Вася прижался спиной к стене, неосознанно отгораживаясь от врача. Запах сладости усилился. Вася смотрел на врача, в его вдруг ставшие страшно голодными глаза, и от увиденного Терехину стало совсем жутко.

Он хотел зажмуриться, но не мог, точнее — не получалось. Врач встал с табуретки и подмигнул ему, словно прекрасно понимал то, что с Васей в его присутствии происходит. А ещё врач стал расстегивать свой халат, и сладкий запах снова усилился… Но самое странное, что кожа врача, в области шеи, была дряблой и пористой, какой становится старая губка после долгого использования.

— Давай, Василий, не томи, — поторопил врач. — Я же знаю, что тебе есть что мне рассказать, много чего памятного и счастливого из твоего детства до аварии.

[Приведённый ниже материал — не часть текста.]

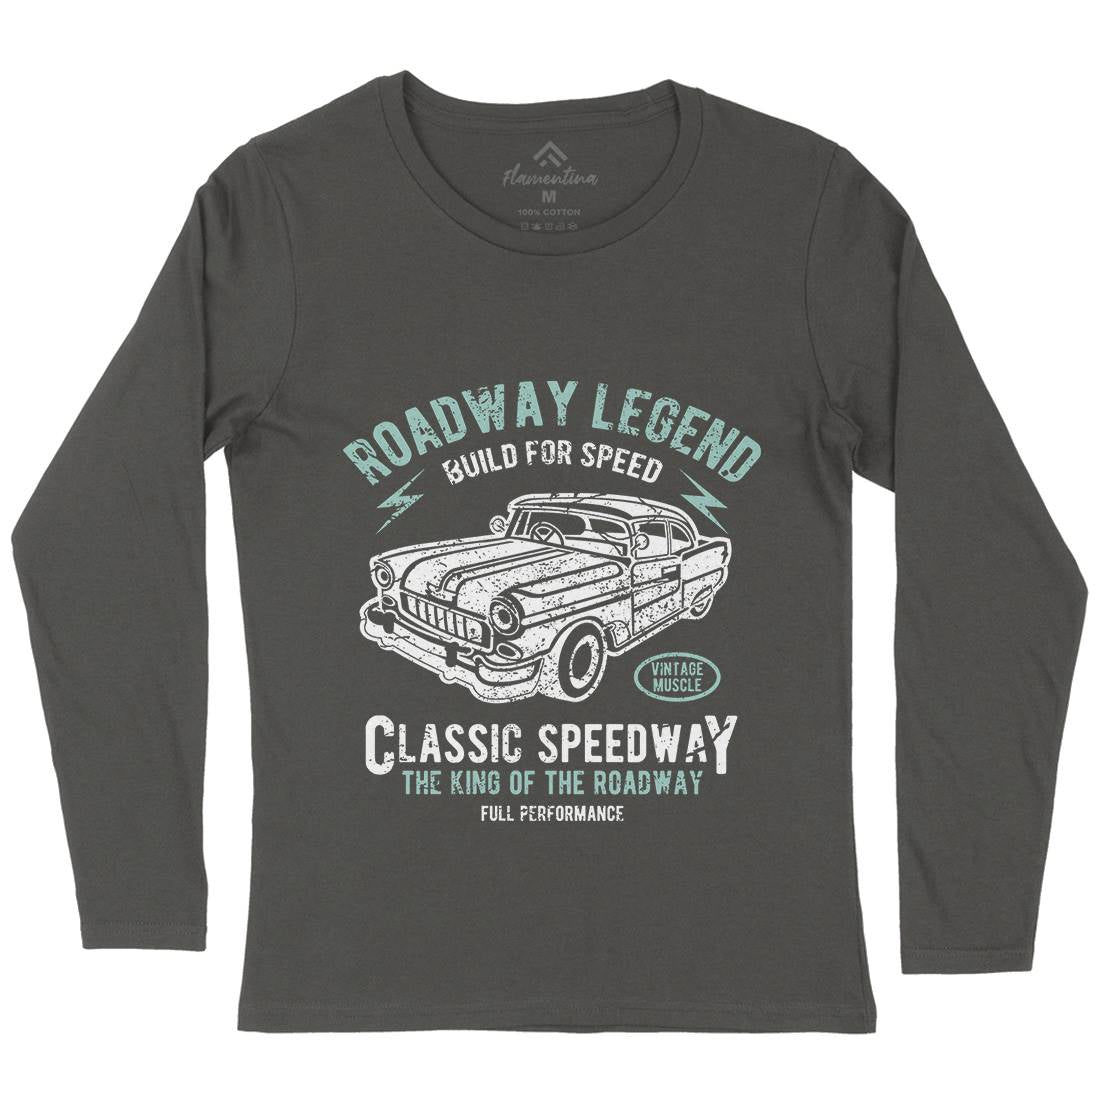 Roadway Legend Womens Long Sleeve T-Shirt Cars A124

Врач наклонялся всё ниже. Сладкий запах в палате становился всё сильнее, острее и удушливее. Оттого Терёхин не мог ни отвернуться, ни крикнуть, и вдруг его мочевой пузырь сжался, и Вася описался и всхлипнул одновременно от стыда и от облегчения, потому что смог, наконец, отвести взгляд от пылающих голодным огнём гипнотизирующих глаз врача. А затем, сам не зная, где, но Вася нашёл в себе силы и смелости громко, пусть и пискляво вскрикнуть:

— Я обмочился!

Врача от его слов как от тока дёрнуло. Он поспешно застегнул халат и изменился в лице, посерел и с недовольством, разочарованным голосом буркнул:

— Вот как! — И уже у двери, обернувшись, добавил: — Значит, выговоришься мне в другой раз, Василий. И поверь: с того нам обоим сразу очень сильно полегчает…

И напоследок одарил его искусственной и широкой улыбкой. Затем вышел. Вася поёжился и чихнул. От сладкого, приторного и очень навязчивого запаха в палате першило в носу.

Он думал о своём детстве, таком счастливом и радостном в окружении любящих родителей, пусть оно и было недолгим, но навсегда осталось в памяти. Как и Новый год, в который его родители переодевались в костюмы деда Мороза и Снегурочки и выступали возле городских ёлок — и всё это совершенно бесплатно, как и дарили детям подарки, купленные за свой счёт. Васю они брали с собой постоянно — и это для него был самый лучший праздник, когда видишь и буквально осязаешь чужую детскую радость, особенно в детских домах, куда мама с папой тоже заглядывали и подарков там дарили целую кучу, всяких, разных, собранных заранее с помощью неравнодушных людей.

Вот этими воспоминаниями он ни за что на свете не поделится с приставучим врачом, потому что они у Васи были самые ценные, помогающие не сдаваться и жить, пусть ему порой становилось совсем тяжко.

***

— Чего это ты улыбаешься? Наделал делов, как маленький ребёнок, назло мне! Верно, гаденыш? Всегда ты умудряешься подгадить, не даёшь спокойно работать, даже в праздник! Ничего, сегодня я тебя накажу по заслугам! — разъярилась Камелия Ахмедовна, ворвавшись в палату, как злобная фурия, с пылающими от гнева щеками и ядрёным запахом сигарет.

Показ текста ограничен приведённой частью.